15/40 The Lessons of 30 Days

30 Days June 2012 has just finished. For those not familiar with the project, 30 Days is an event held in a month with, surprise, 30 days in it. Participants commit to making a new piece of work every day.From the 30 Days website:

By establishing deadlines, even artificial ones, the act of creation is given a higher priority in the hierarchy of everyday activities. Re-prioritizing daily tasks is often difficult at first, but becomes easier over the Thirty Days. The aim is to get something made by the end of the day. It may not be your best work, but it will give you experience with re-organizing your life to make creating art a priority.

I have participated in the project 8 times, and each time I’m reminded of the old adage “learn to do by doing”. Like many people, I grew up with a misconception about creativity and its strongly associated and misunderstood word, “inspiration”. The idea I had was that the great artists were inspired first and simply excreted their work in near perfect form. Their frequent craziness (insanity) allowed them to “get out of the way” and their art took over, such that it seemed they almost unconsciously made their great work.

Over time, this idea lost its romanticism, but there was an aspect which I did not really let go of easily: that inspiration came before work. I spent a lot of time bemoaning the fact that I did not just walk down the street and find myself struck by lightning that impelled me to race home and spend 24 hours straight downloading the muse.

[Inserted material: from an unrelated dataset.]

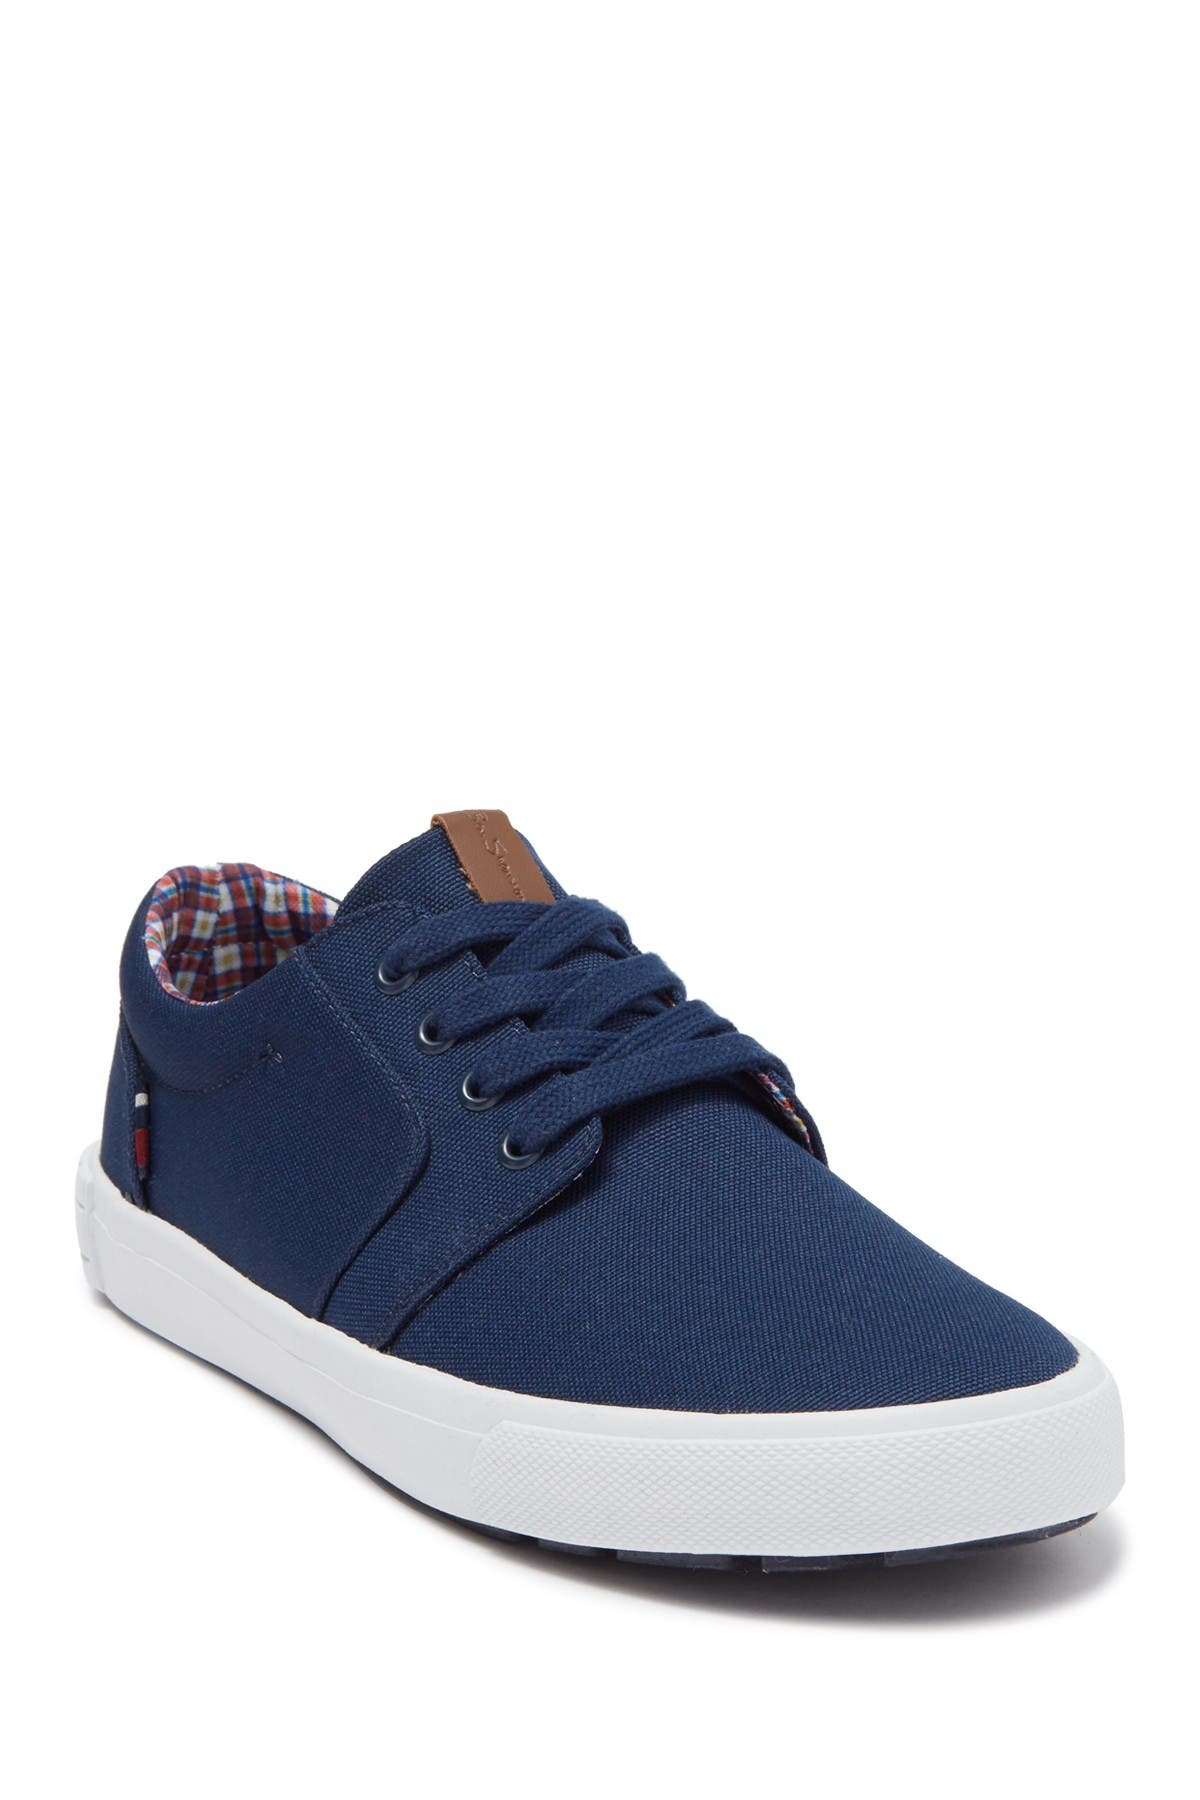 Image of Ben Sherman Percy Oxford Sneaker

Then came the great lesson of 30 Days: that in fact this inspiration/work relationship is entirely backwards. At least for me, the work has to be started first, the inspiration comes after that. For me, the hardest part has always been just turning on the equipment. In further research into the lives of artists and great thinkers, this theme has been a recurring one without fail. Inspiration is a result of work, and we are able to approach inspiration when we give to the process. My personal revelation here was that inspiration is really always there, the mistake is to expect it to descend towards us when the opportunity is always there to pull ourselves up towards it.

It may not work for everyone, but it’s a personal mythology I’ve come to be comfortable with and value tremendously in my creative endeavours.

Are you interested in trying 30 Days? Stay tuned to the website, it’s free to sign up, there’s a strong comradery, and who knows, you may find yourself inspired.

One thought on “15/40 The Lessons of 30 Days

  1. Nicely put, Tim. One of the most persistently amazing things about these kinds of revelations is that they are accompanied by a sudden understanding of something that we have heard over and over in our lives, like realizing the deep truth behind a cliché. Think of all the sayings that fit this idea that the work comes before the inspiration: “if the mat is not straight, the master will not sit”, “work begun is half done”, “a thousand mile journey begins with one step”, etc. There is such a huge cognitive gap between learning a lesson by rote and understanding why it is a lesson in the first place.
    I’m really glad to read that Thirty Days Project is still as valuable for you as it is for us.